Первый смутный намек на подобное переосмысление Симпсон ощутил, когда взял в руки новенькую винтовку 303-го калибра и скользнул взглядом по ее безупречным блестящим стволам. Три дня странствий по лесу и воде еще больше способствовали этим переменам. А теперь, когда им с Дефаго предстояло выйти за пределы лагеря – хоть сколько-нибудь освоенной ими части леса – и попасть в самое сердце первозданной Чащи, по площади превосходившей всю Европу, до Симпсона начало доходить подлинное значение оного события, и он, как человек, наделенный богатым воображением, испытал смесь леденящего душу восторга и ужаса. Юноше казалось, что они с Дефаго вдвоем бросили вызов могучей громаде – Титану, не меньше.
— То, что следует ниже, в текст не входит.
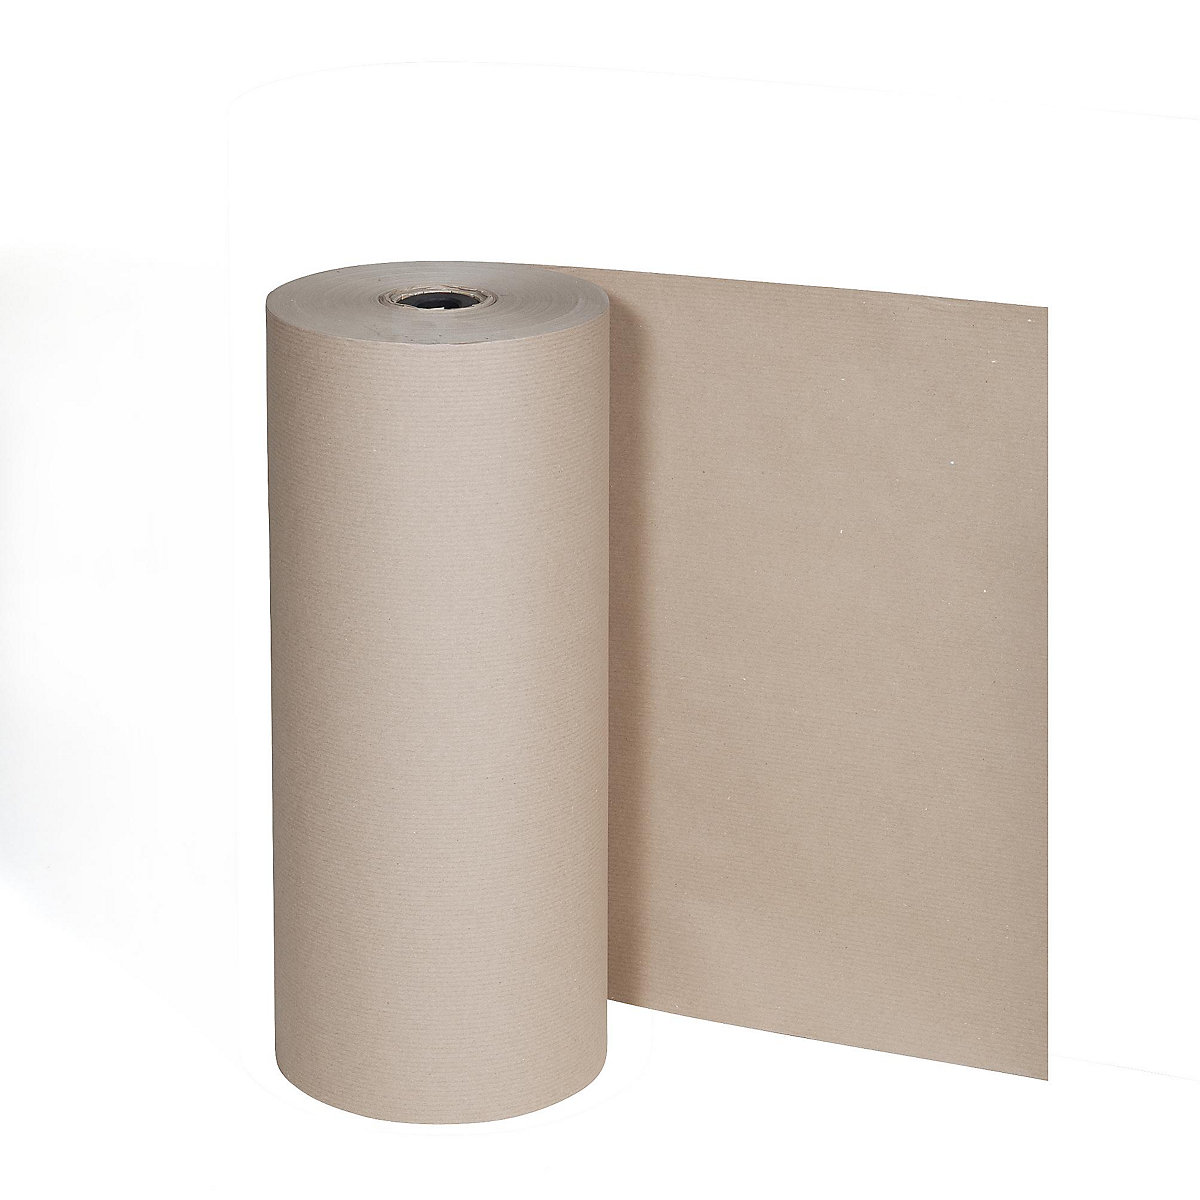 Pakpapier, 80 g/m², grote rol voor verticale standaard, 1250 mm breed-1
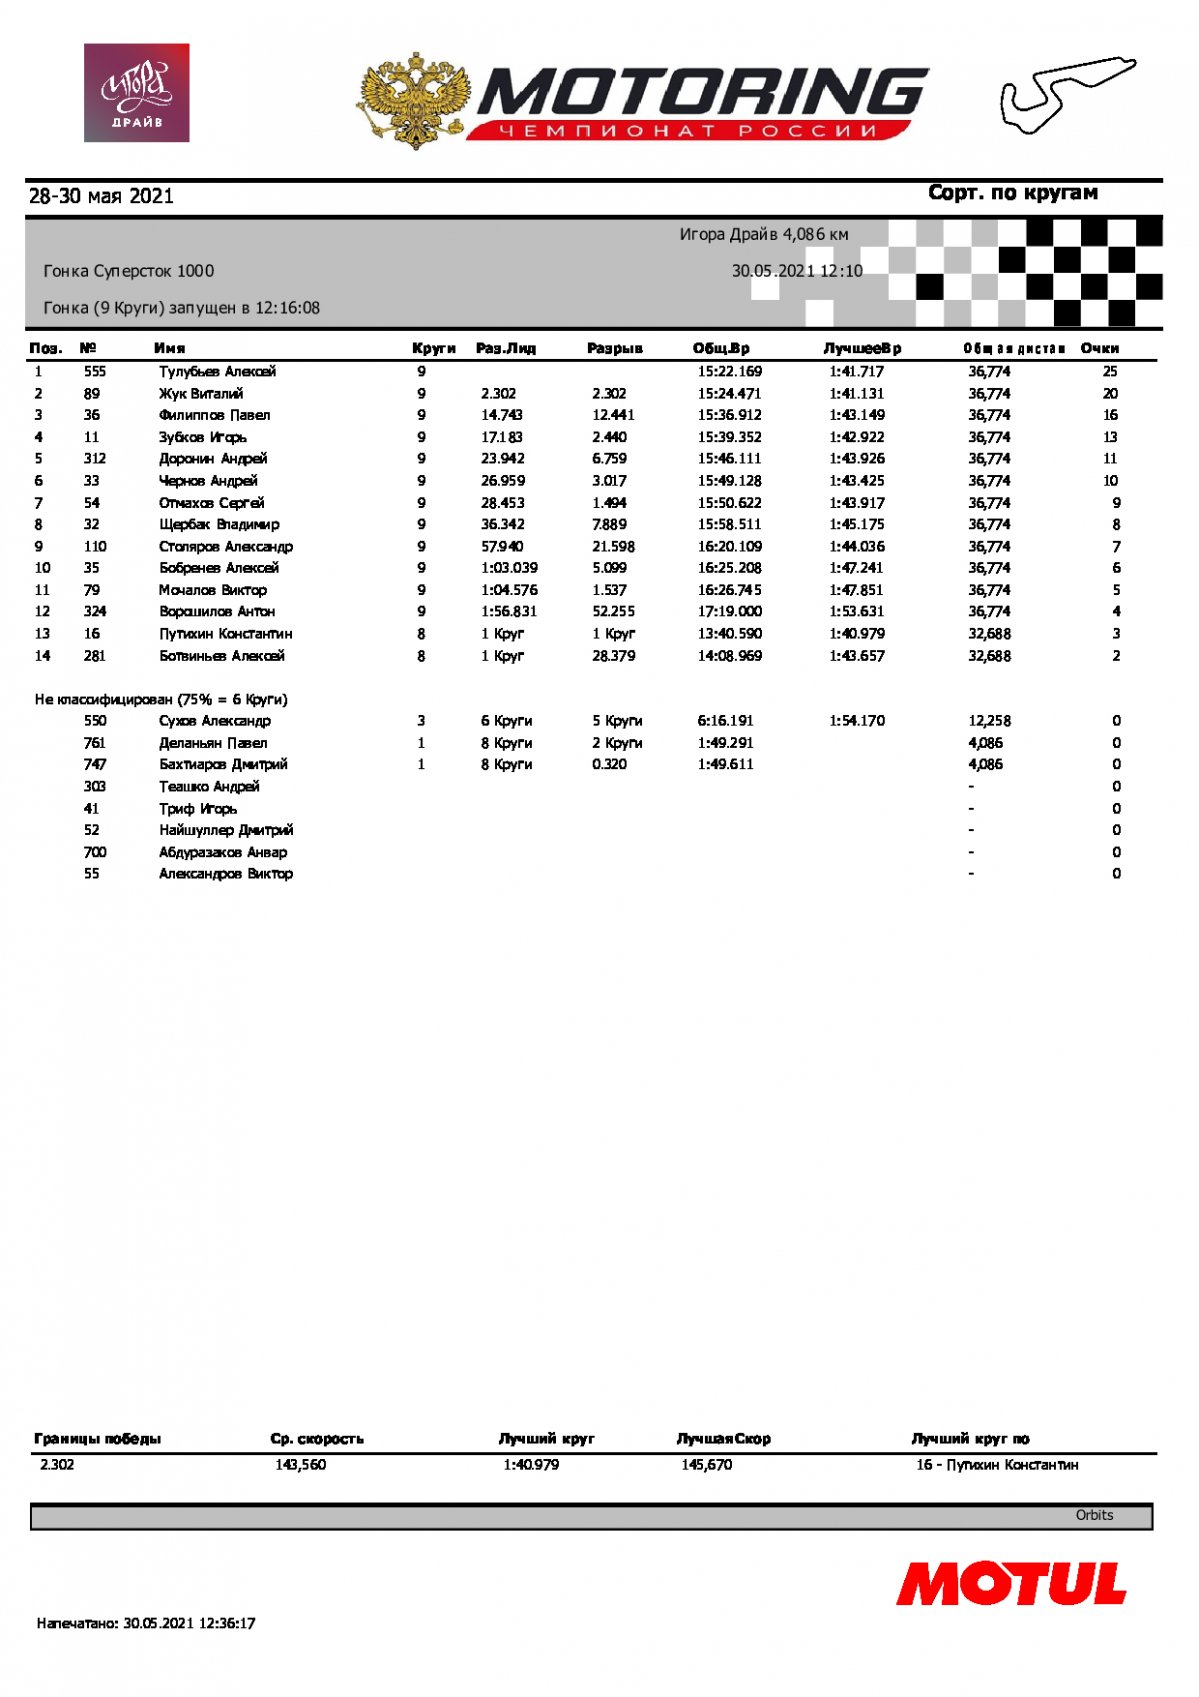 Результаты гонки STK-1000, 2 этап ЧР, Игора Драйв, 30.05.2021

Угрюмые просторы этих удаленных от всего мира, совершенно безлюдных лесов вызывали в нем ошеломляющее чувство собственной ничтожности. В синей лесной дали, мреющей на горизонте, суровость глухих чащоб, которую можно было назвать только безжалостной и ужасающей, сгущалась в отчетливое предостережение, которое Симпсон прекрасно уловил. Он осознал свою полную беспомощность. Один лишь Дефаго, как символ той далекой цивилизации, где человек еще был хозяином мира, стоял между ним и страшной смертью от голода и истощения.
Поэтому он с трепетом наблюдал, как проводник, перевернув каноэ, шустро спрятал под него весла и принялся помечать зарубками стволы елей по обе стороны от почти невидимой тропы. За этим делом он непринужденно обронил:
– Слышь, Симпсон, если со мной чего случится, каноэ найдешь по зарубкам. Греби отсюда ровнехонько на запад, к солнцу, там и будет наш лагерь, понял?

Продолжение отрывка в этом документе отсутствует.